WHEREFORE, I vote to ACQUIT Appellant Violeta Gaddao y Catama, as well as to REDUCE the penalty of
Appellant Florencio Doria y Bolado to reclusion perpetua and a fine of P500,000.

[1] GR No. 123872, January 30, 1998.

[2] Malacat v. Court of Appeals, 283 SCRA 159, 174, December 12, 1997.

[3] People v. Burgos, 144 SCRA 1, 14, September 4, 1986; citing Sayo v. Chief of Police, 80 Phil. 859 (1948).

[4] Malacat v. CA, supra.

[5] 210 SCRA 174, June 22, 1992, per Cruz, J.

[6] Ibid., p. 180.

[7] 163 SCRA 402, July 6, 1988, per Cruz, J.

[8] 280 SCRA 72, October 2, 1997, per Panganiban, J.

[9] Supra.

[10] Malacat v. CA, supra.

[11] People v.
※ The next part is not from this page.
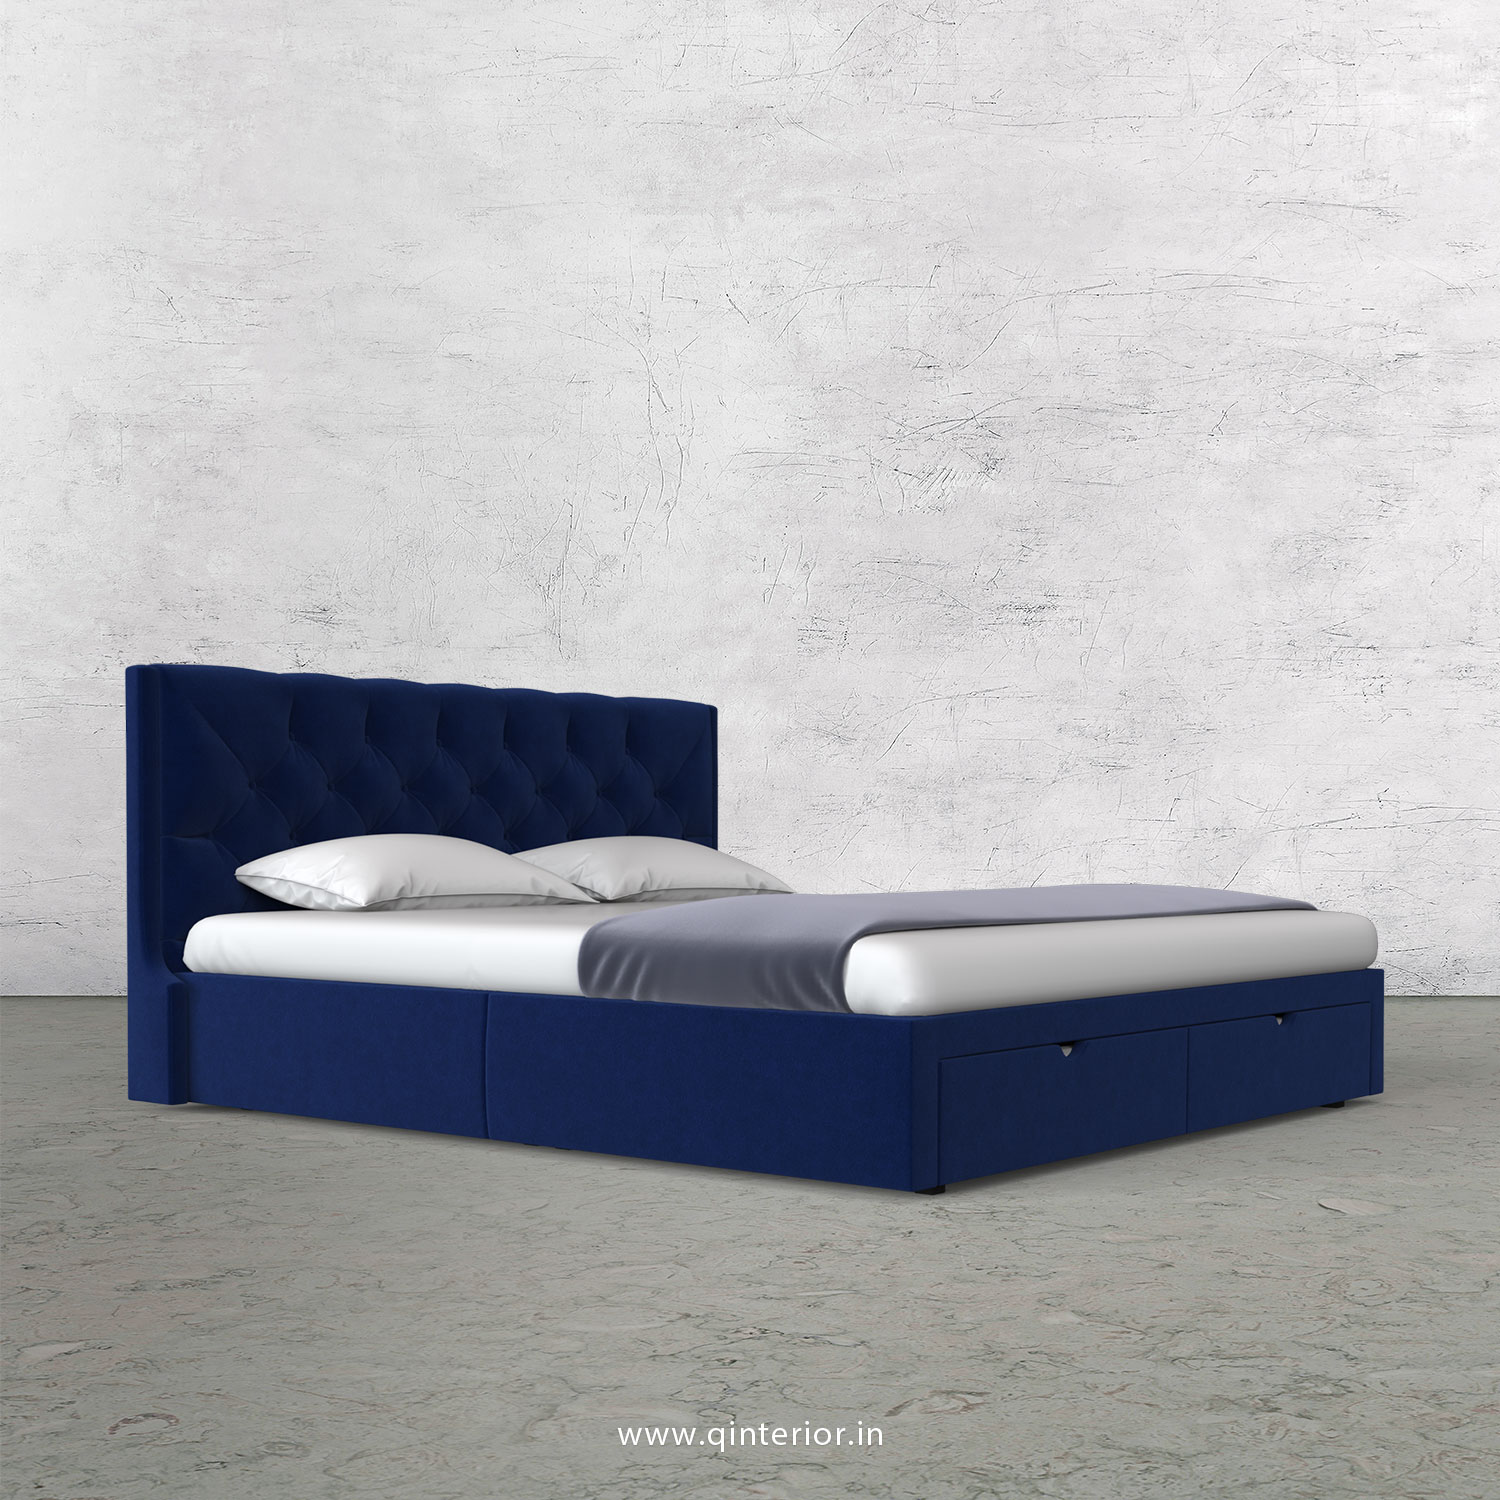 Scorpius King Size Storage Bed in Velvet Fabric - KBD001 VL05
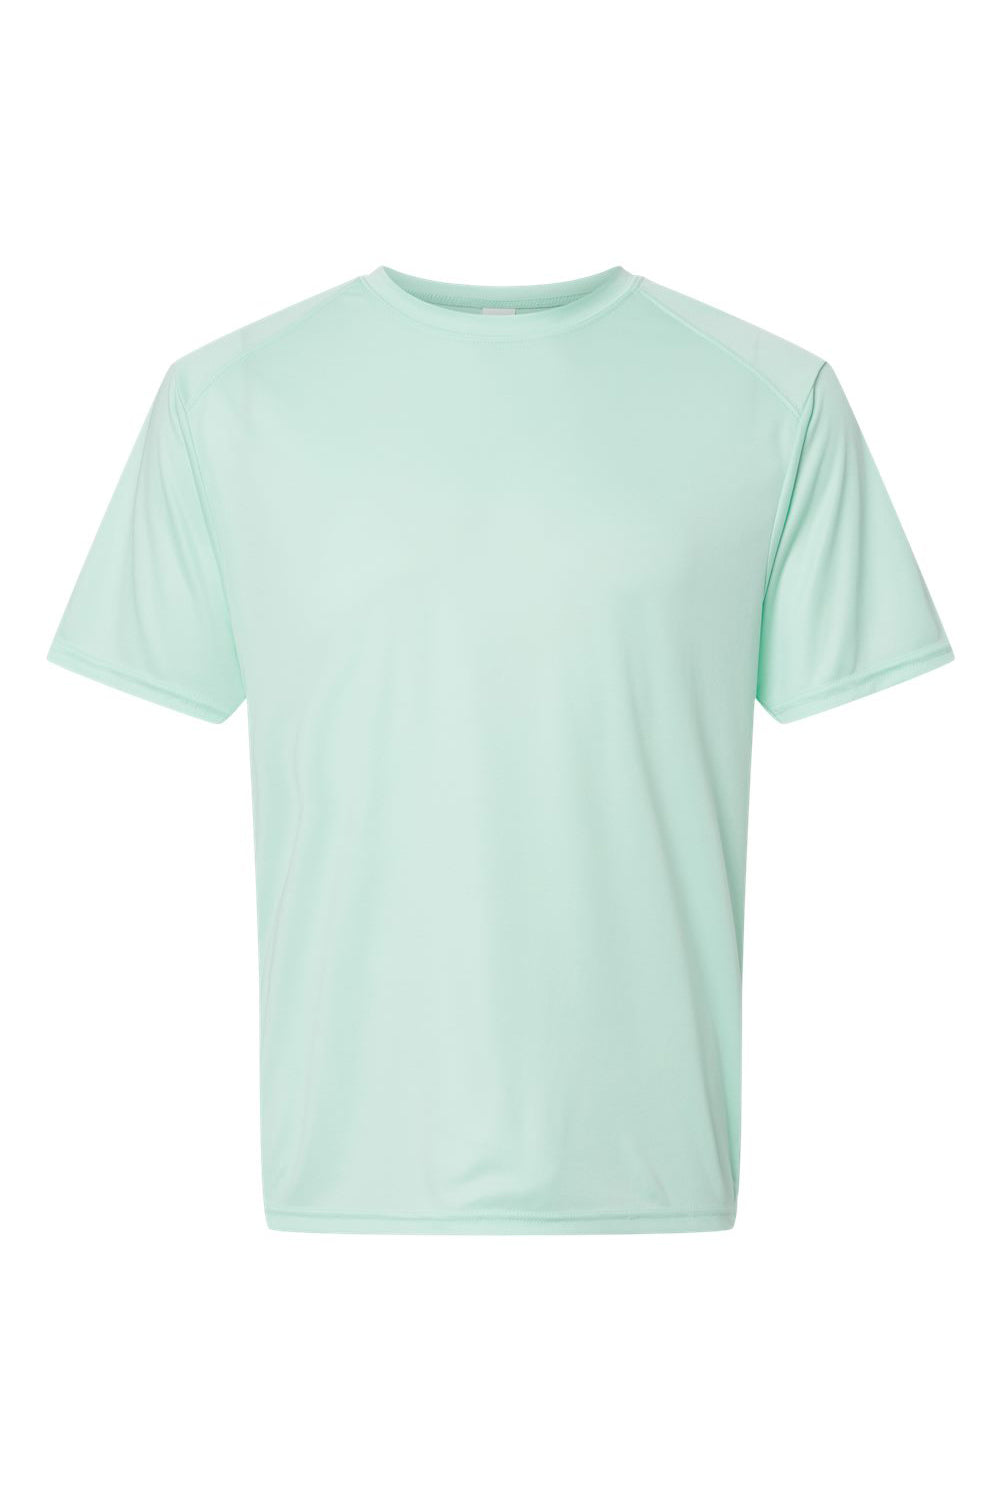 Paragon 200 Mens Islander Performance Short Sleeve Crewneck T-Shirt Mint Green Flat Front

Burgos, supra, p. 15, per Gutierrez, J.

[12]
[12] Umil v. Ramos, 202 SCRA 251, 263, October 3, 1991.

[13] Supra.

[14] Supra, p. 14.

[15] Supra, p. 87.

[16] 187 SCRA 311, July 9,1990; 202 SCRA 251, October 3, 1991 (per curiam).

[17] The Anti-Subversion Law, which prohibited mere membership in a subversive organization, has since been
repealed.

[18] Supra, p. 14, per Gutierrez, J.

[19] Malacat v. CA, supra, p. 174; citing Mustang Lumber v. Court of Appeals, 257 SCRA 430, 450, 1996; Moreno
v. Ago Chi, 12 Phil 439 (1909); Rule 126, § 12, Rules of Court; and Terry v. Ohio, 392 US 1, 88 S Ct 1868, 20 L Ed
2d 889 (1968). See also Roan v. Gonzales, 145 SCRA 687, 697, November 25, 1986; citing several cases.

[20] Concurring Opinion of Chief Justice Claudio Teehankee in Nolasco v. Paño, 147 SCRA 509, 515, January 30,
1987.

[21] People v. Musa, 217 SCRA 597, 611, January 27, 1993; citing Coolidge v. New Hampshire, 403 US 443, 29 L
ed. 2d 564, 583 (1971); Texas v. Brown, 460 US 730, 75 L ed. 2d 502 (1983); Concurring Opinion by Stewart,
Brennan and White, JJ, in Stanley v. Georgia, 394 US 557, 22 L ed. 2d 542 (1969); and Walter v. US, 447 US 649,
65 L ed. 2d 410 (1980).

[22] Papa v. Mago, 22 SCRA 857, 873-874 (1968), per Zaldivar, J.; quoting from 47 Am Jur 513-514, citing Carroll
v. United States, 267 US 132, 69 L ed. 543, 45 S Ct. 280, 39 ALR 790; and People v. Case, 320 Mich 379, 190 NW
389, 27 ALR 686. See also Roldan v. Arca, 65 SCRA 336.

[23] Papa v. Mago, ibid., pp. 871-872, citing pertinent provisions of the Tariff and Customs Code and Carroll v.
United States, 39 ALR 790, 799. See also People v. CFI of Rizal, Br. IX, 101 SCRA 86, November 17,1980.

[24] People v. Lacerna, 278 SCRA 561, 576, September 5, 1997; People v. Fernandez, 239 SCRA 174, December 17,
1994; People v. Barros, 231 SCRA 557, March 29, 1994; People v. Damaso, 212 SCRA 547, August 12, 1992.

[25] Aniag v. Commission on Elections, 237 SCRA 424, 436-437, October 7,1994.

[26] Supra.

[27] 392 US 1; 88 S Ct. 1868; 20 L ed. 2d 889 (1968).

[28] Ibid., p. 911; quoted in Malacat v. CA, supra.

[29] Malacat v. CA, supra.

[30] 188 SCRA 288, August 2, 1992, per Gancayco, J.

[31] 280 SCRA 400, October 9, 1997, per Panganiban, J.